The idea of taps and how many are too many is a complicated one.
The idea of reconstruction is that when an analog signal is digitized, part of the
information at any given moment of time is distributed into the signal going
forward in time, and going back in time.
We are not going to get into the why or how, but Prof. Shannon did a great job
laying out the theory of this.
This is the foundation of modern information theory. The notion of “taps” actually
used to be a physical signal tap based on this theory. You could extract information
out of a signal by having more taps to reconstruct the information from the signal.
They did this by “tapping” the wire, and feeding the signal back earlier in the
wire.
The reason some DACs such as Chord DACs use a sinc function for
reconstruction is that, that is what the Shannon Theorem says will give you an ideal
reconstruction - with an infinite number of taps, going forward in time and backward
in time, you can perfectly reconstruct the digital signal. The more taps (or bigger
the time window), the better the reconstruction. The more taps you have, the bigger
the
time window you need, i.e, the music track needs to be longer.

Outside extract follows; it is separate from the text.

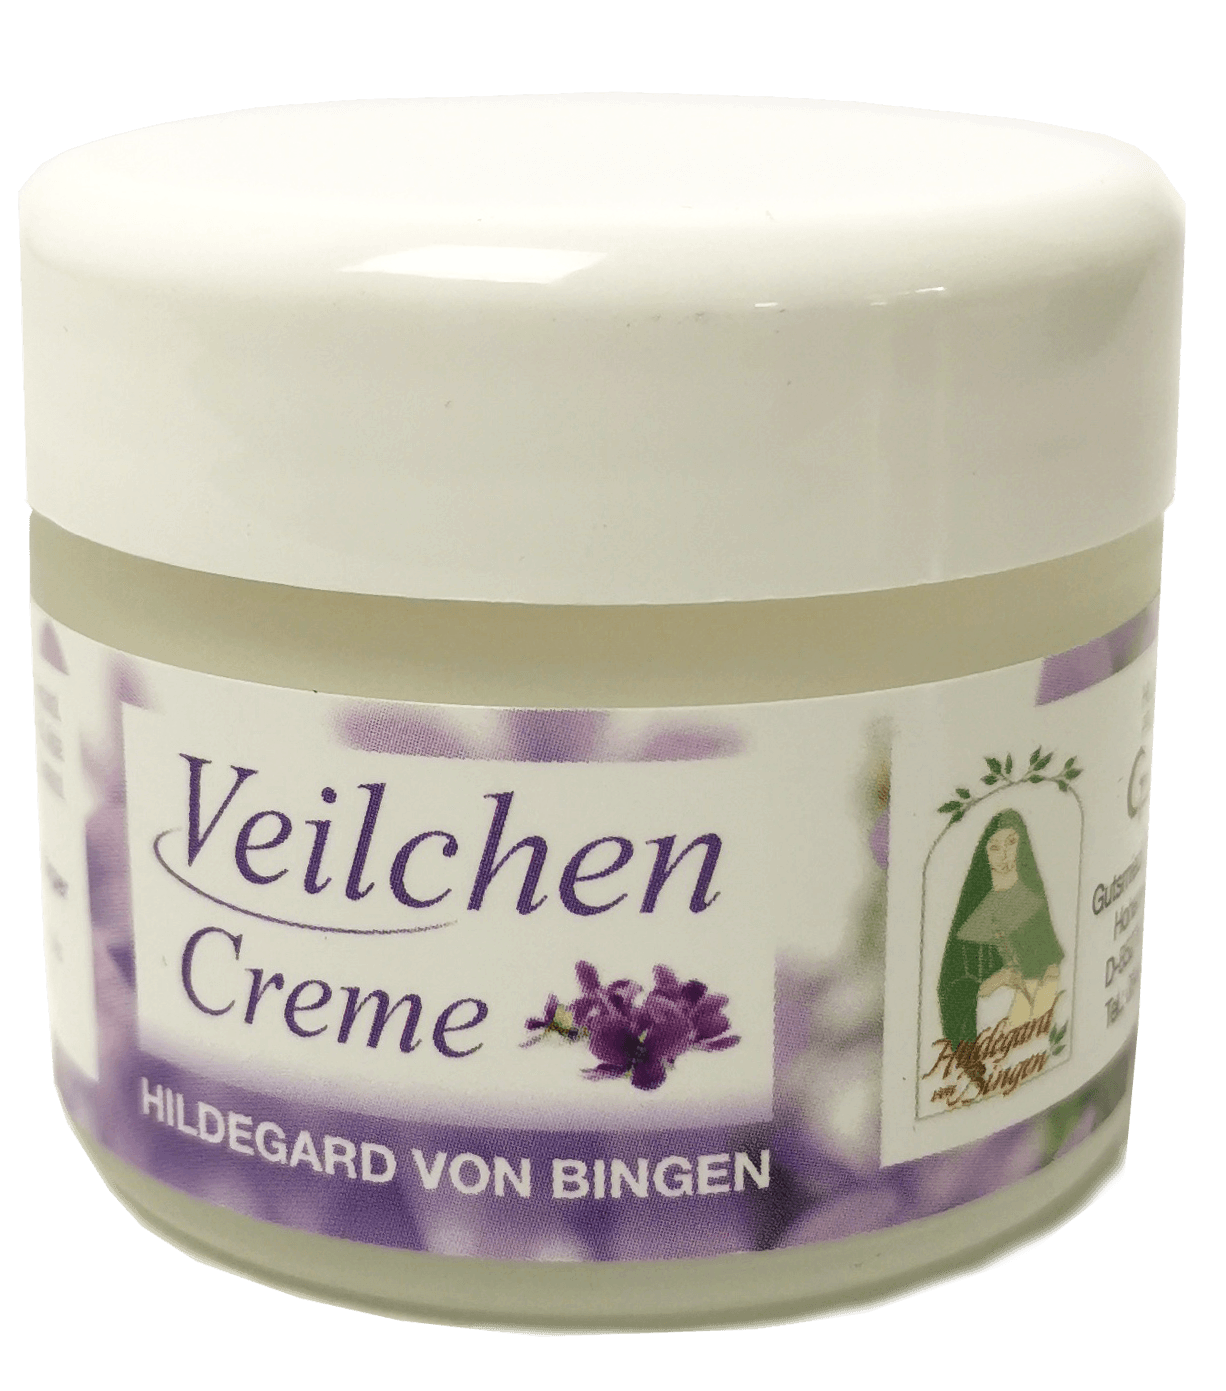 Veilchencreme Hildegard von Bingen

DACs like the Chord DAVE and upsamplers like the Hugo mScaler all have fixed
tap lengths and windows, because they are running on “live” data that is coming
through. mScaler, with 1M taps, requires about 1.5 seconds of audio signal to
calculate
the value for each moment in time. It basically multiplies 1M data points times
sin(x)/x and adds them up, and that is the signal. Think of it as desmearing or
bringing the true value into focus, leveraging the information that got smeared by
the digitization process.
PGGB is file/batch oriented so it has the advantage of being able to look at
as
much information as it available, i.e., it has the advantage
of looking at the whole track instead of just portions of a track. The question is,
how much should it look at?
The current default setup is to look at the length of the file, and select
the maximum number of taps that would work for that file. If you had more taps, it
wouldn’t give you any more information, because the infomations before the start of
the song is zero and the information after the end of the song is zero.
So why not combine all the tracks in an album into one really long song?

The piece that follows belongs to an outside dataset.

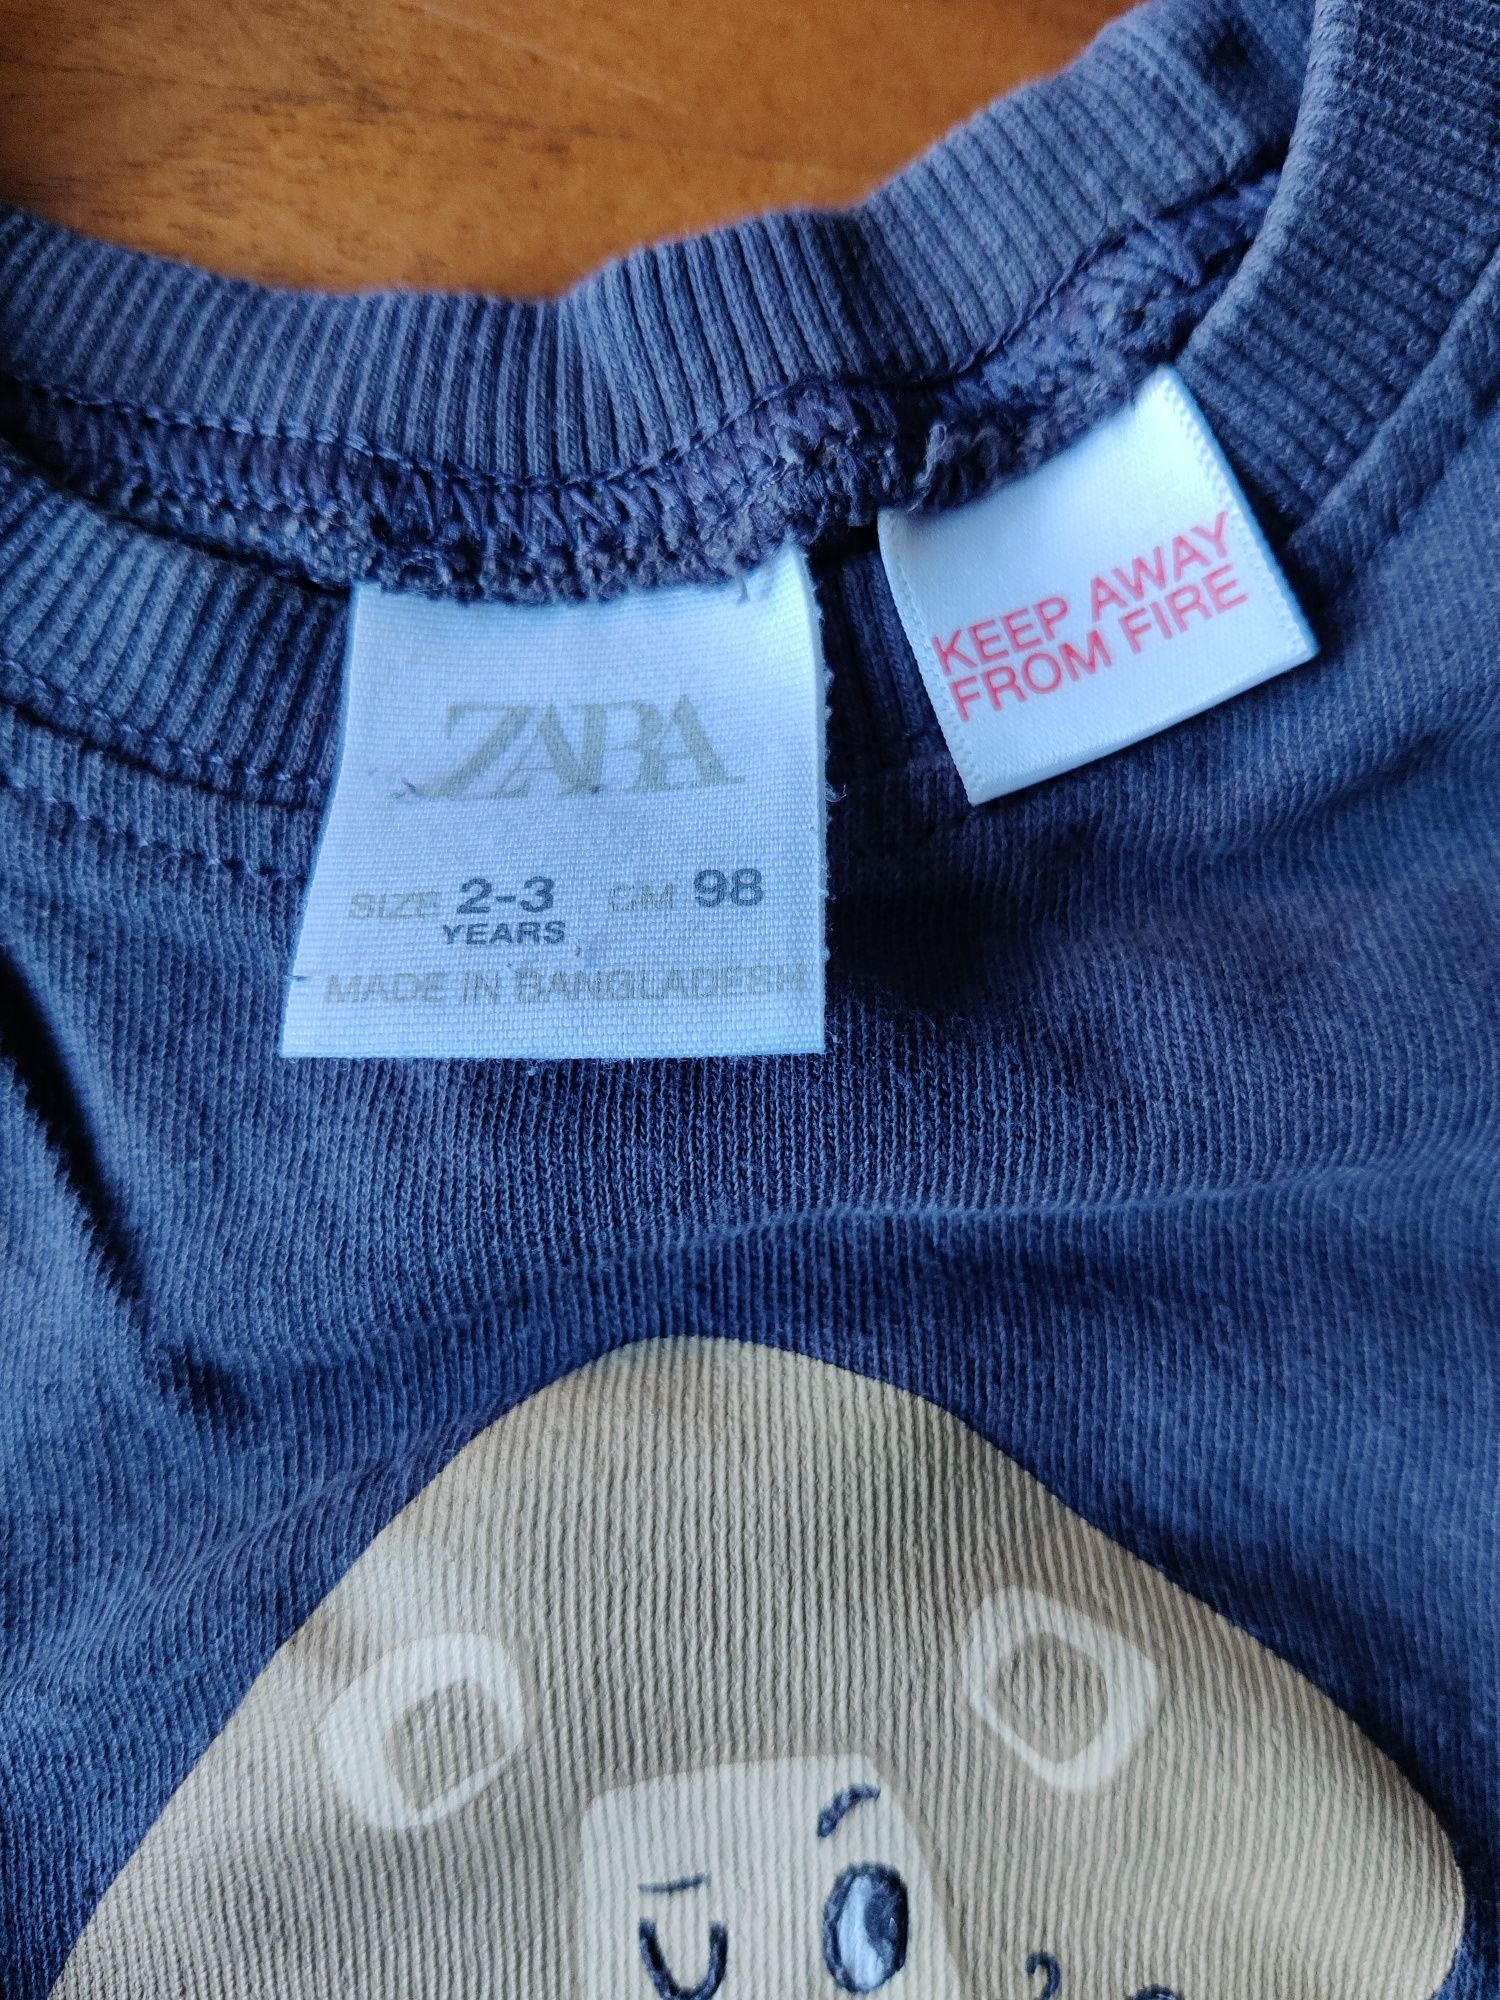 T-shirt manga comprida, cinzenta, Leão, Zara, 2/3 anos, 98 cm

The issue is that each of those tracks were recorded and digitized
separately. If you are remastering track 2, there may be no information from track 2
that got smeared into track 3 or track 1. If you have taps that are longer than the
length of track 2, you may be basically adding garbage information into track 2
(information from track 1 and information from track 3 is being incorrectly used to
reconstruct what is in track 2)
There is a notable exception to this. If there is a continuous recording
that got artificially split into multiple tracks for convenience (as for example,
some classical movements, or even some live albums), because it was a continuous
recording then it would be valid to have information from a previous track and
future track used to reconstruct the current track…it was one long recording. For
these scenarios, PGGB has an option called combine.json. You designate the tracks
that should be processed as one large track, and it combines them in memory and
treats it as one long track for reconstruction.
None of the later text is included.